All these situations share a common problem: the tools we have today force us to choose between treating the facts first-class, accepting a low-quality narrative, or to optimize the narrative while compromising on the quality of fact management. In the following, I will argue that this is due to a poorly thought-out relation between facts and narratives, and outline possible improvements.
Comments in source code are an example where priority is given to the facts, i.e. the program. The reader is supposed to read the code, the comments are there only to provide non-obvious background information, and sometimes to outline an overall structure. Reading commented code takes a lot of time and effort, because the reader has to deal with all the details of the program code. A pure narrative would explain software at a more abstract level, leaving out details or relegating them to an appendix. As an example for the opposite extreme, a scientific article is primarily a narrative, including only small pieces of the facts for illustration. A complete description of the facts would require all of the program code and input data. This is why replicability and reproducibility are currently big issues in computational science.
Facts and narratives live in two different universes. Facts belong to the computational universe, in which all information is encoded in formal languages with (ideally) well-defined syntax and semantics. Computation processes input data (which includes the program code) and produces output data in a process that is perfecly well-defined and deterministic. A real-life computation depends on a lot of input data due to the many details that matter. That means a lot of facts, but computers are very good at handling a lot of facts.
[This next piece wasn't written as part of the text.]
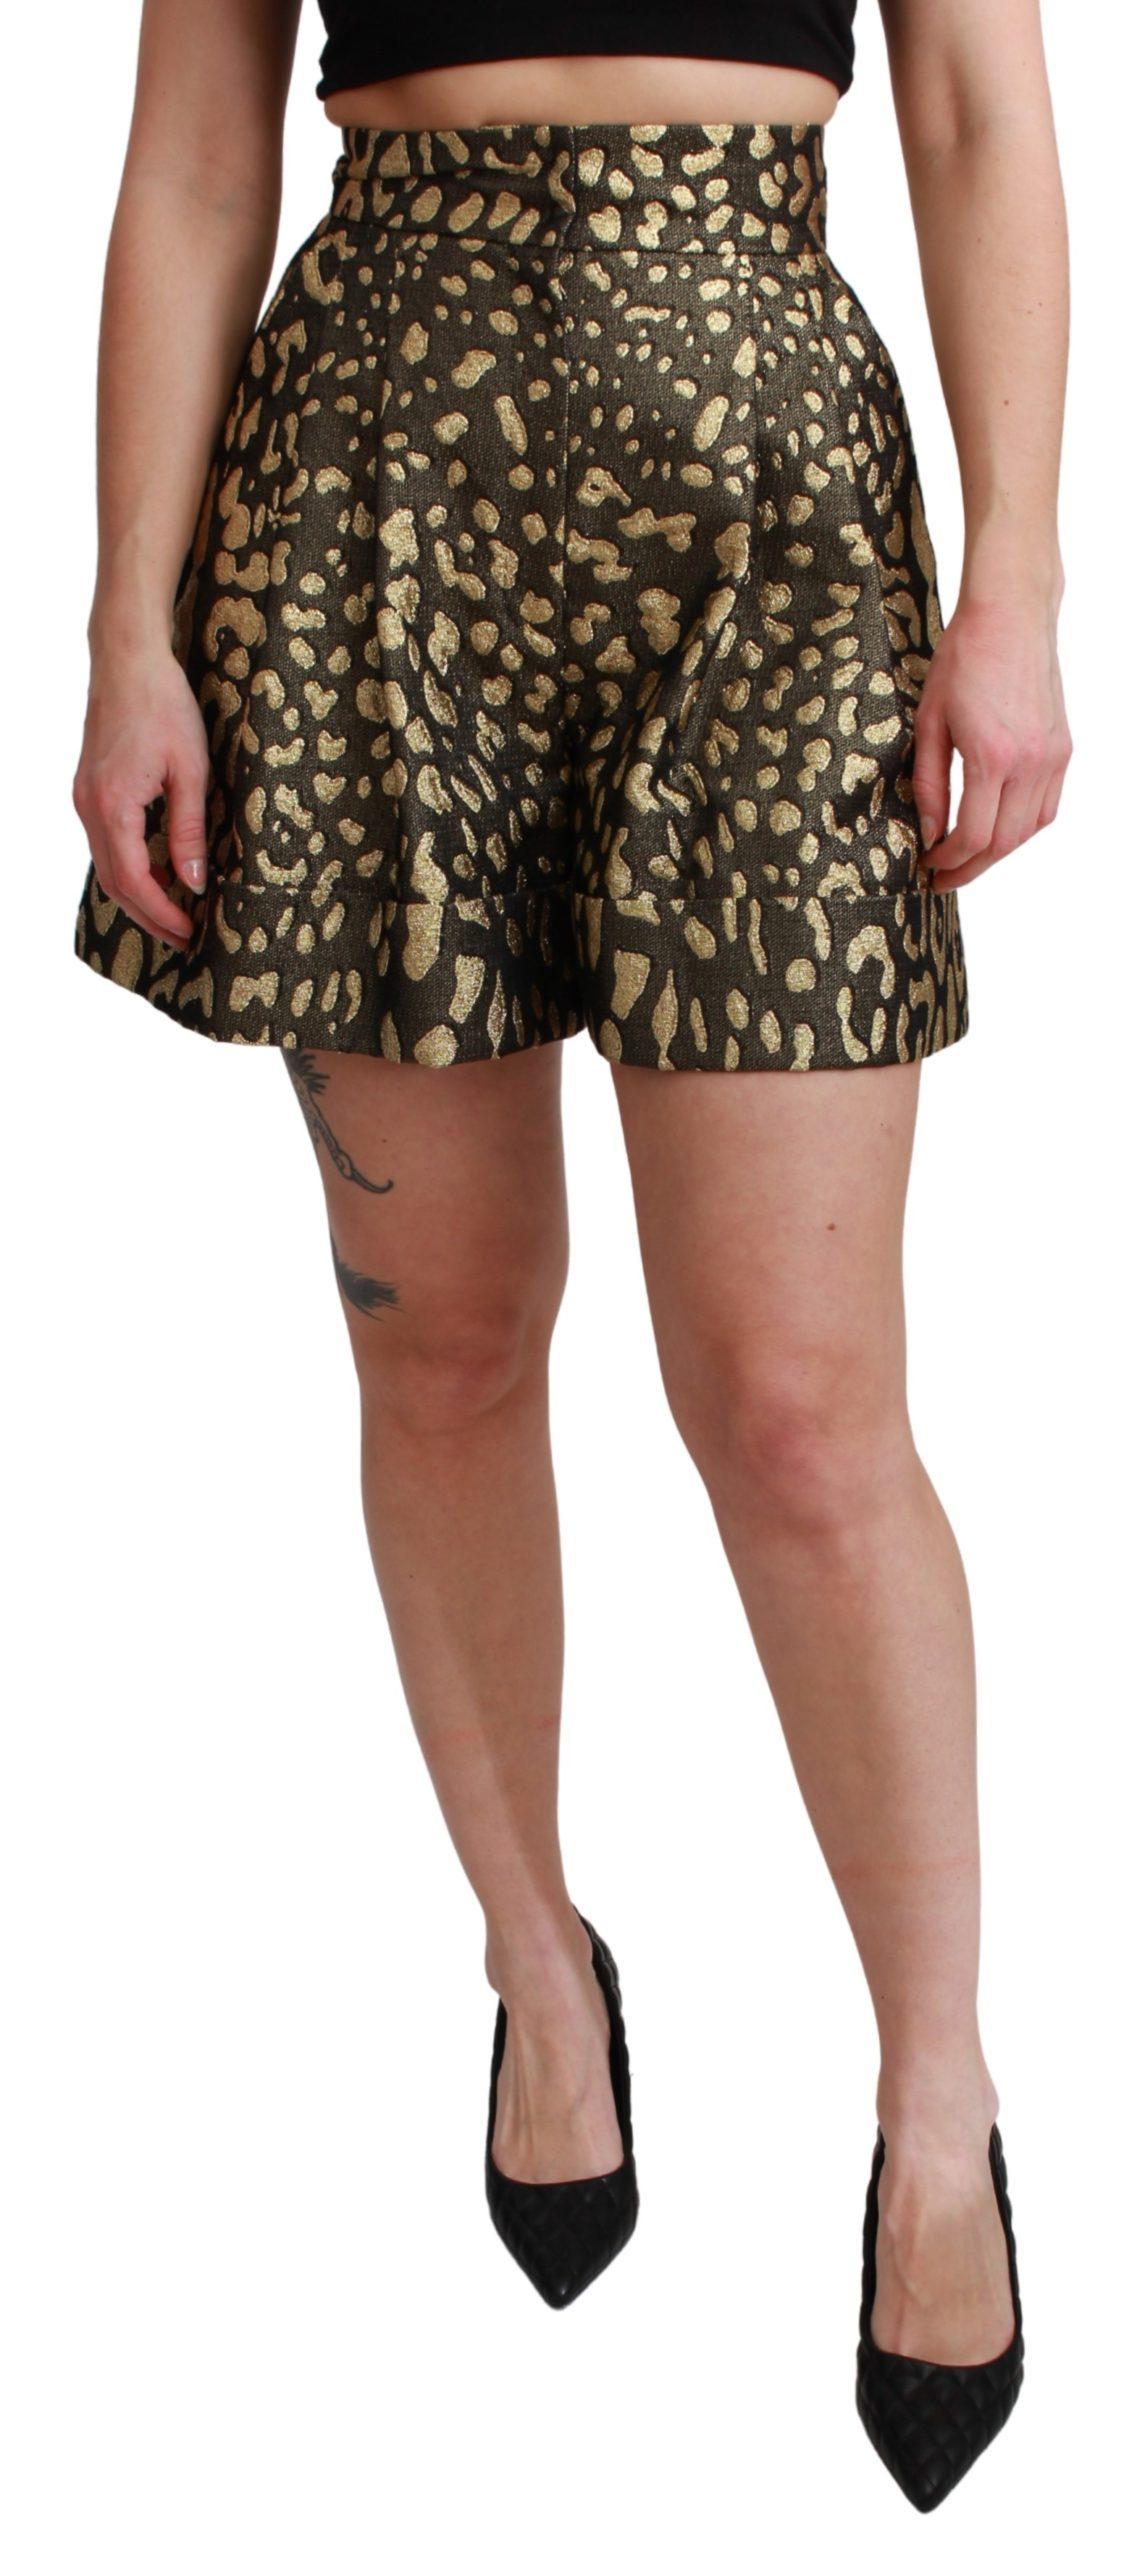 Black Gold High Waist Mini Cotton Shorts - IT40|S
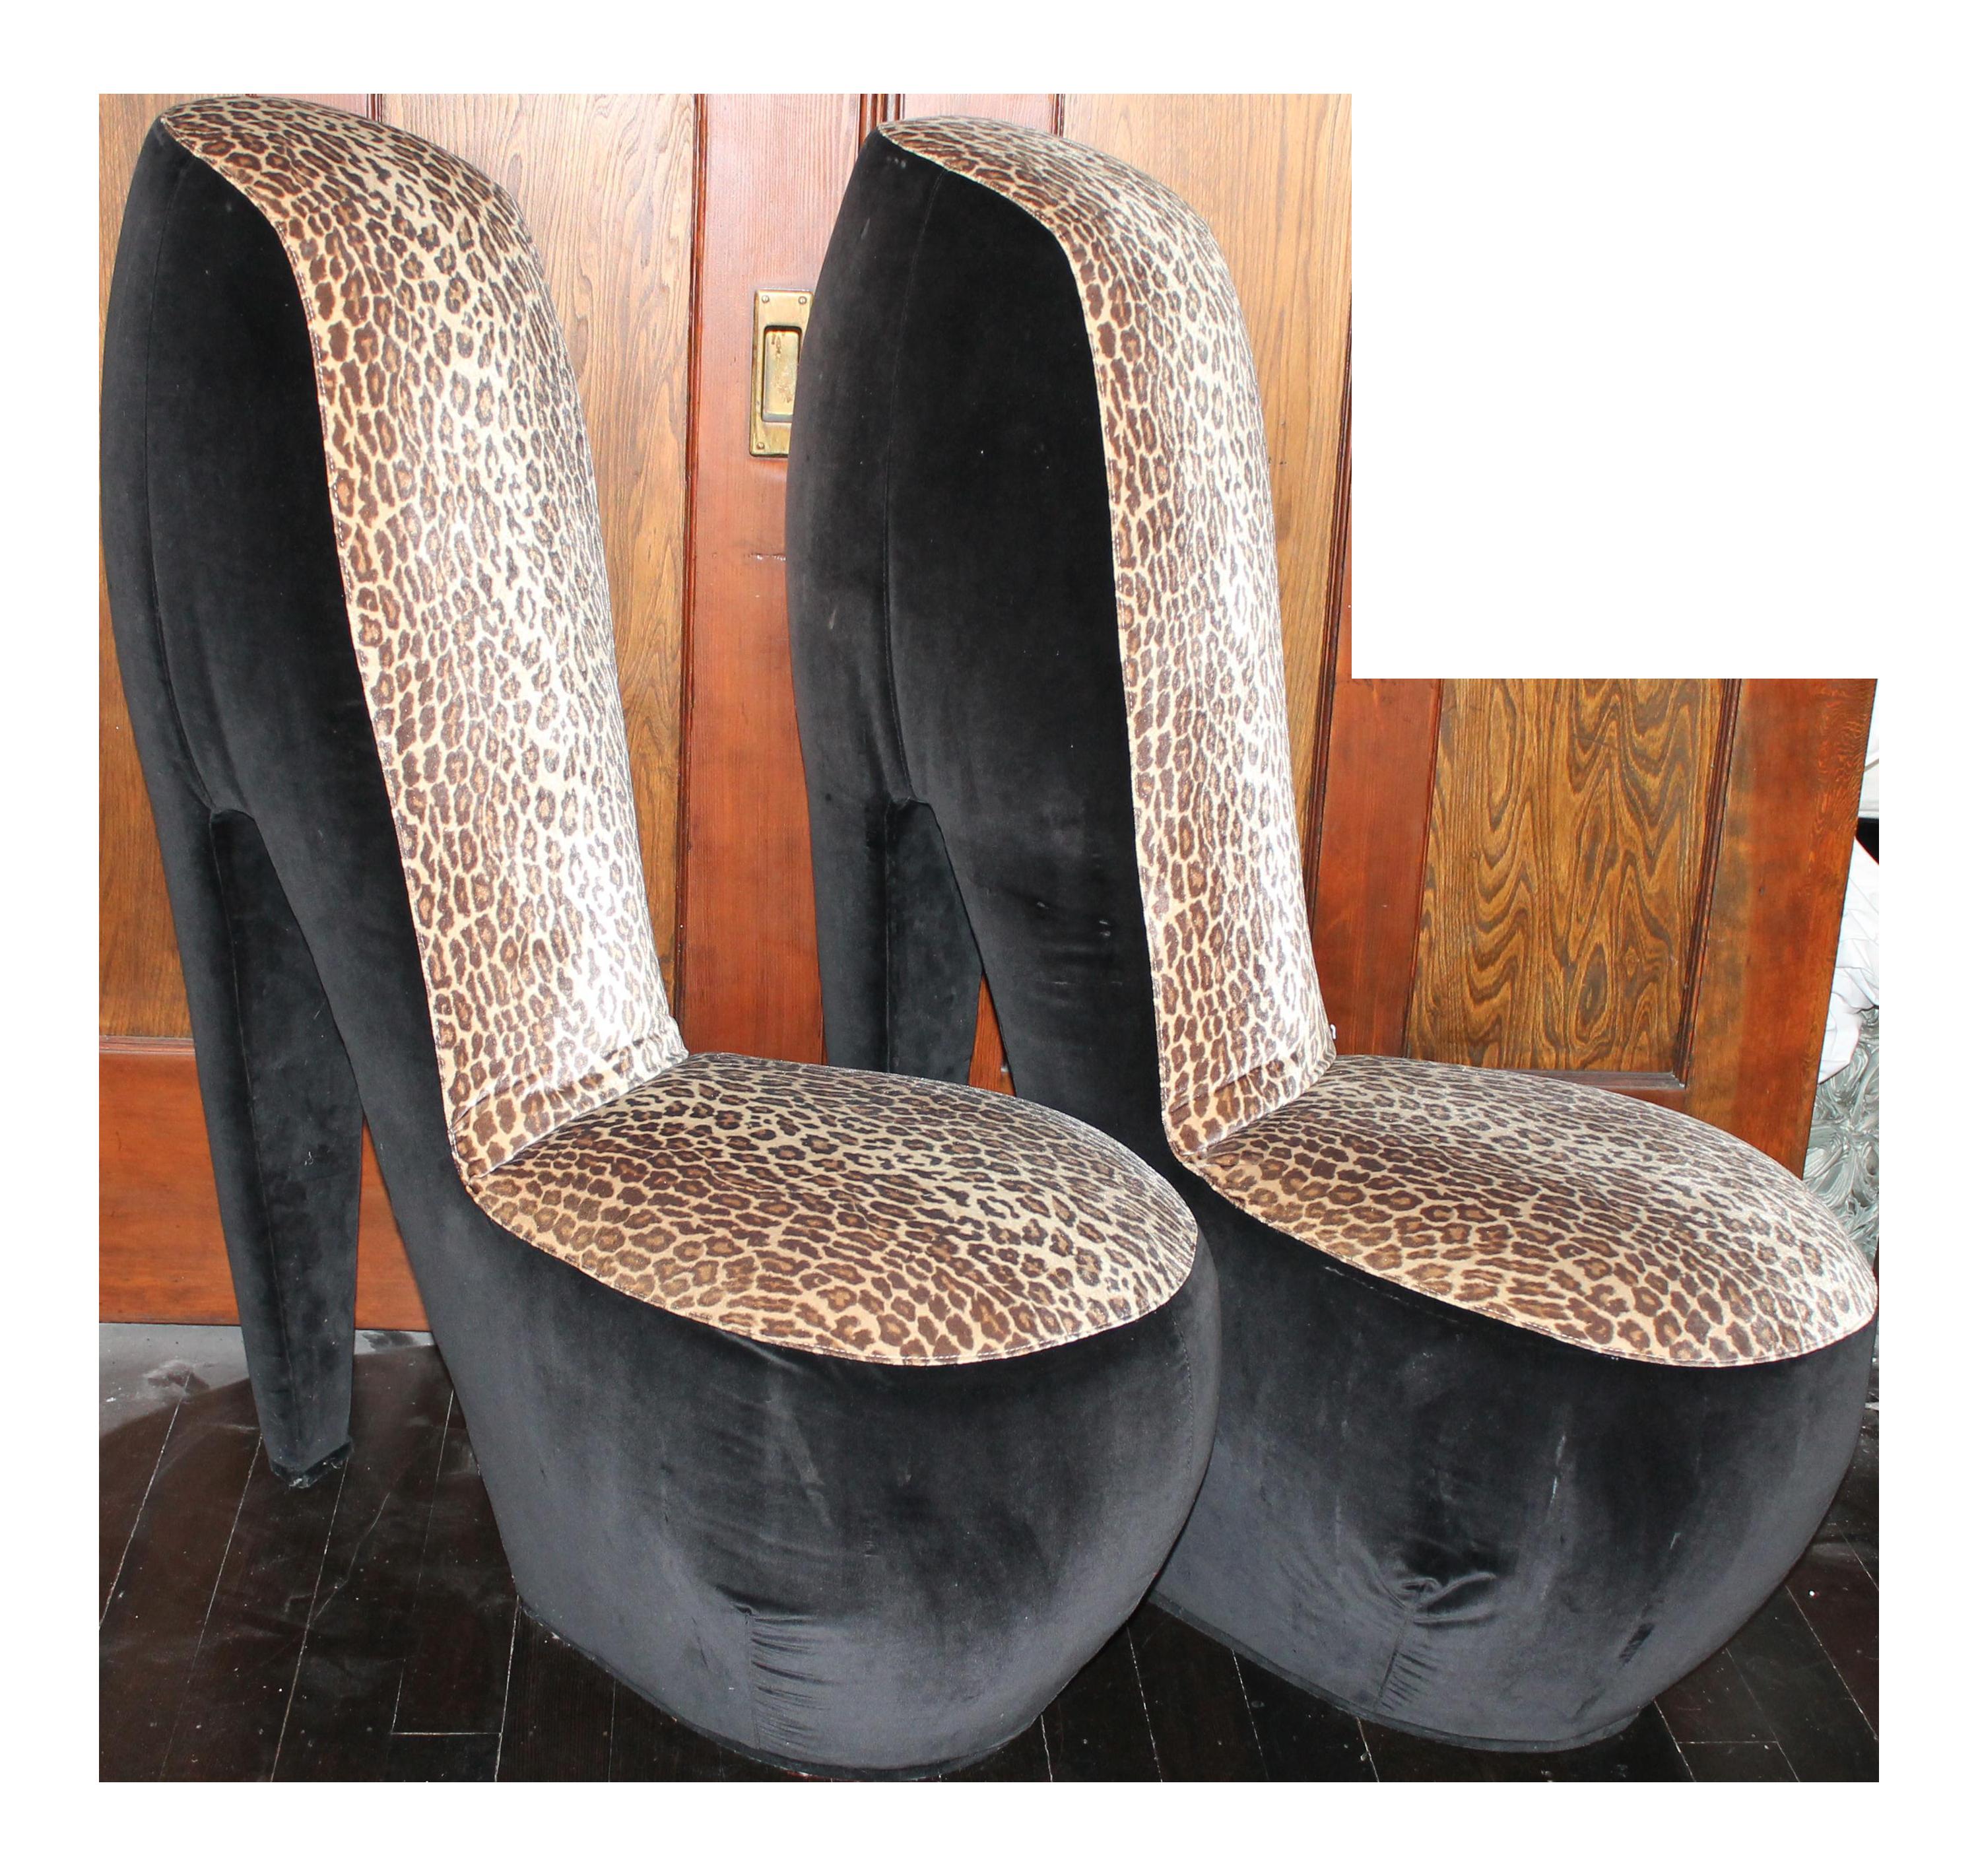 Leopard Print High Heel Shoe Chairs   A Pair

Narratives belong to the universe of human thought and communication. They rely on a rich context that human readers are expected to have acquired through prior study. This context contains in particular the appropriate abstractions that allow the narrative to remain at a manageable level, because humans can only keep a limited amount of details in their heads. To see the importance of this point, imagine a narrative that explains how to "open a door" in terms of the detailed eye movements and muscle contractions required to perform this task - such a narrative would be completely incomprehensible. On the other hand, narratives do not need to be very precise in many aspects because humans excel at "making sense" of information even if it contains mistakes and incongruences.
Computers are good at handling facts but not narratives. Humans are good at handling narratives but not facts in the quantities that typically define a computation. Letting computers intervene in the processing of narratives leads to funny results - try Google Translate on a non-trivial text for an illustration. Letting humans intervene in the execution of a computation is a major source of mistakes. That is why a key ingredient to improving replicability is the automation of all computational steps. In the ideal world, no part of a computation would be defined by a narrative providing nstructions for a human operator. Anyone who has every had to install software knows that we are still far away from that ideal world.
Note that I only said that humans should not intervene in the execution of a computation. They do of course intervene in its definition. Program source code, after all, is written by humans. More generally, humans intervene quite often in computational science by using interactive tools. In that case, the stream of user interactions becomes part of the definition of a computation. If it is recorded, the computation can later be executed again without human intervention. This is of course well known: replicability requires that all user interaction must be recorded.
Since facts and narratives live in different universes, we should avoid mixing them carelessly. Crossing the boundary between the two universes should always be explicit. A narrative should not include copies of pieces of facts, but references to locations in a fact universe. And facts should not refer to narratives at all. The relation between the two universes is not symmetric: computers are tools made by humans for their benefit, so the computational universe is subordinate to the human universe.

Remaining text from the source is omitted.